**EXERCISE REQUIREMENTS**
Copy the data exactly. Images are to be left out.
STORED DATA section start
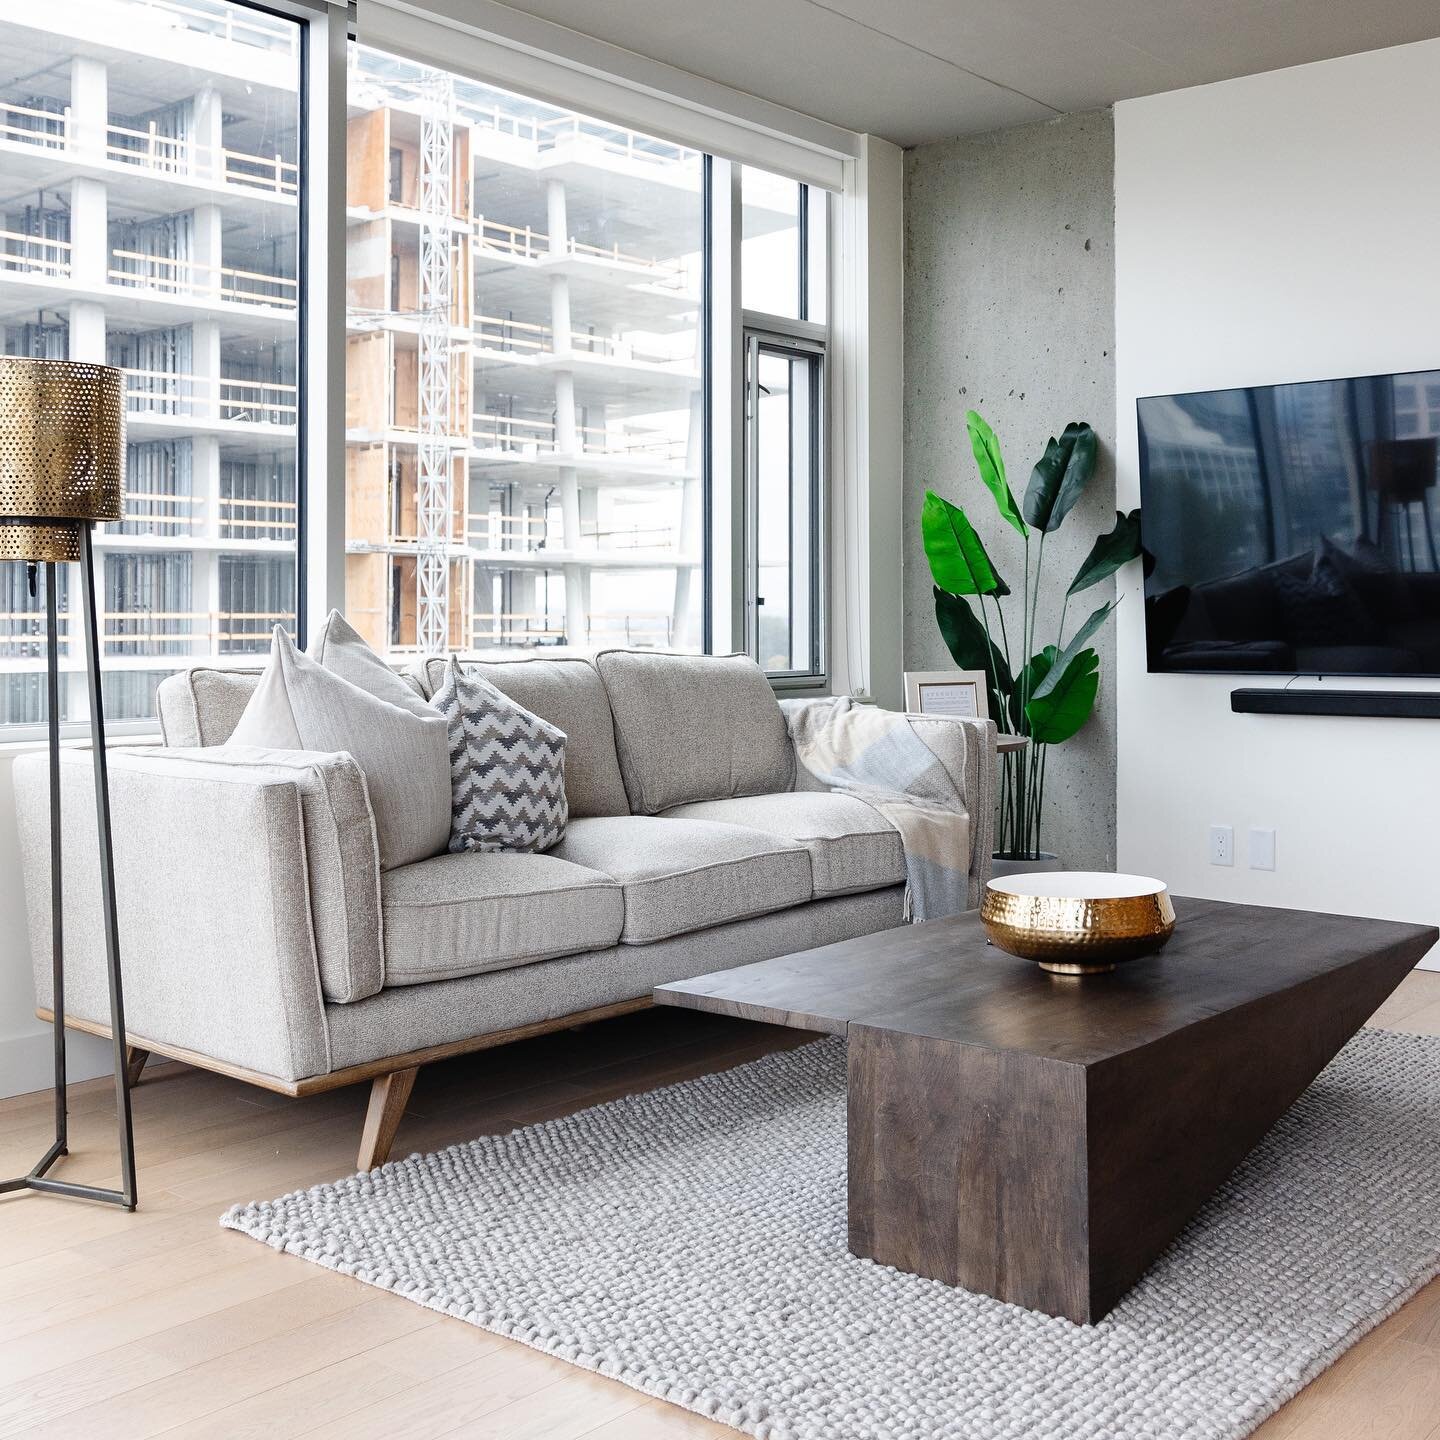 When designing Vacation Rentals, simplicity in furniture is the key - at Avenue One we love a modern minimalist approach, here is a one bedroom condo that we furnished for our clients Vacation Rental at the @989victoria.

At Avenue One we have experi
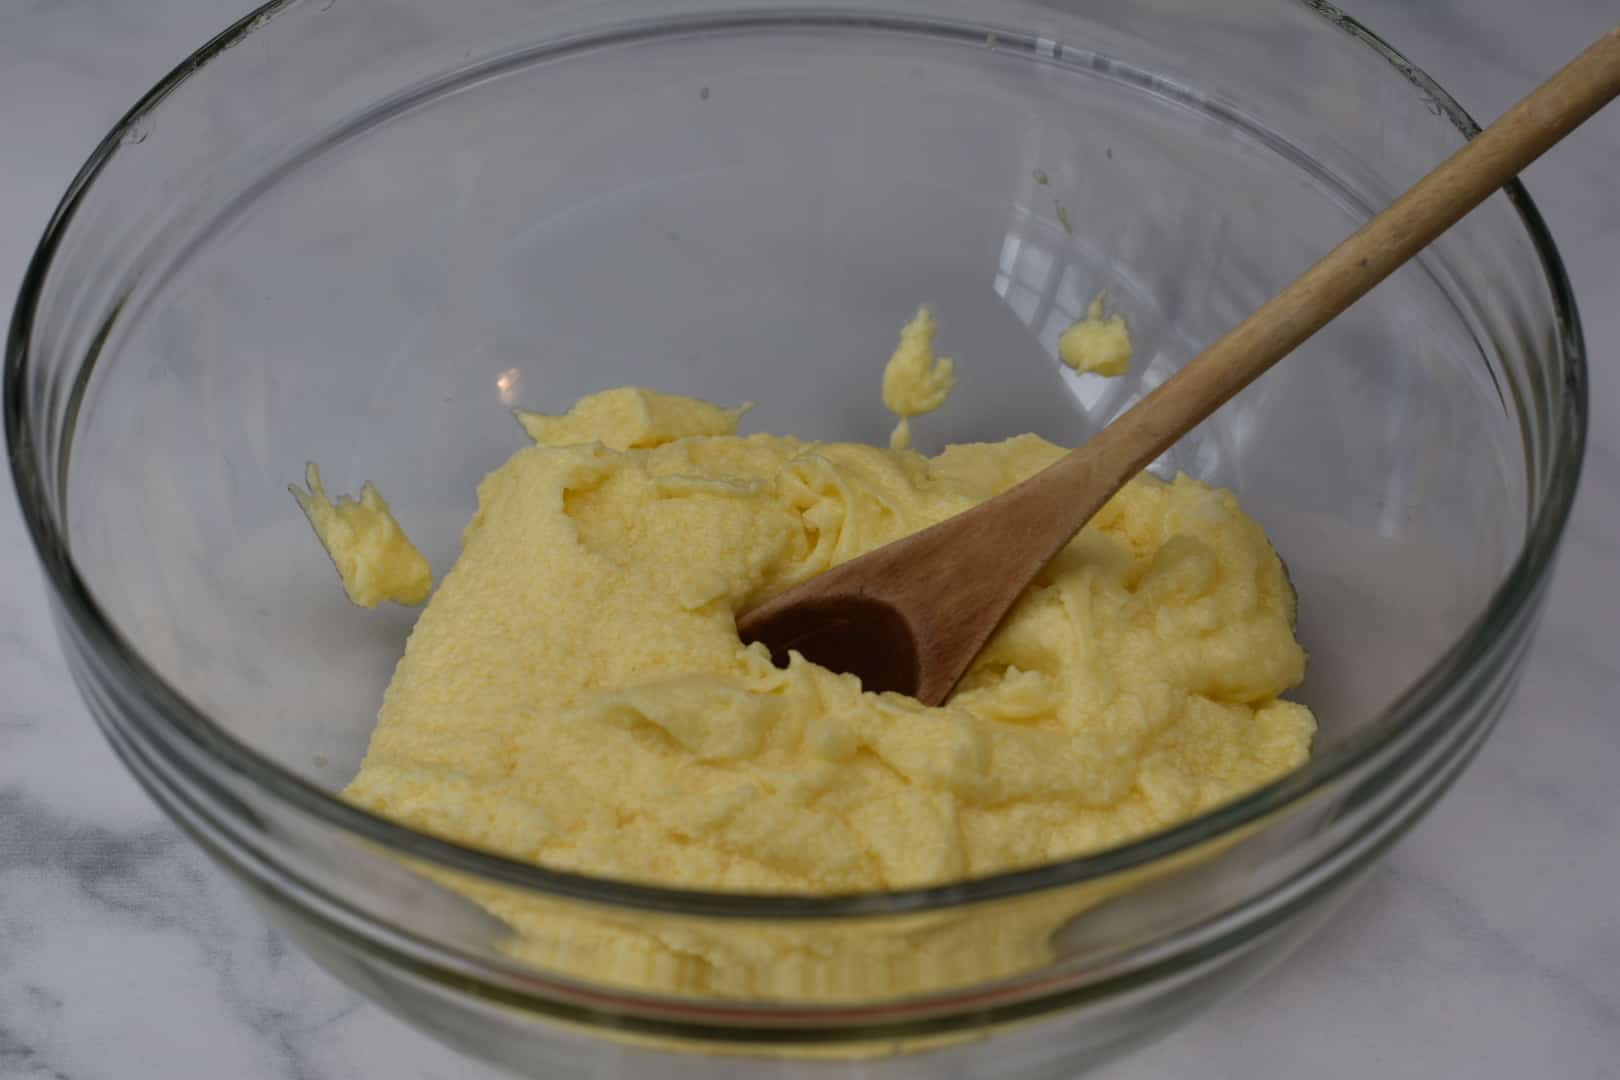 butter, sugar, and eggs in a glass bowl
STORED DATA section end
**THE ANSWER**
 When designing Vacation Rentals, simplicity in furniture is the key - at Avenue One we love a modern minimalist approach, here is a one bedroom condo that we furnished for our clients Vacation Rental at the @989victoria.

At Avenue One we have experi
 butter, sugar, and eggs in a glass bowl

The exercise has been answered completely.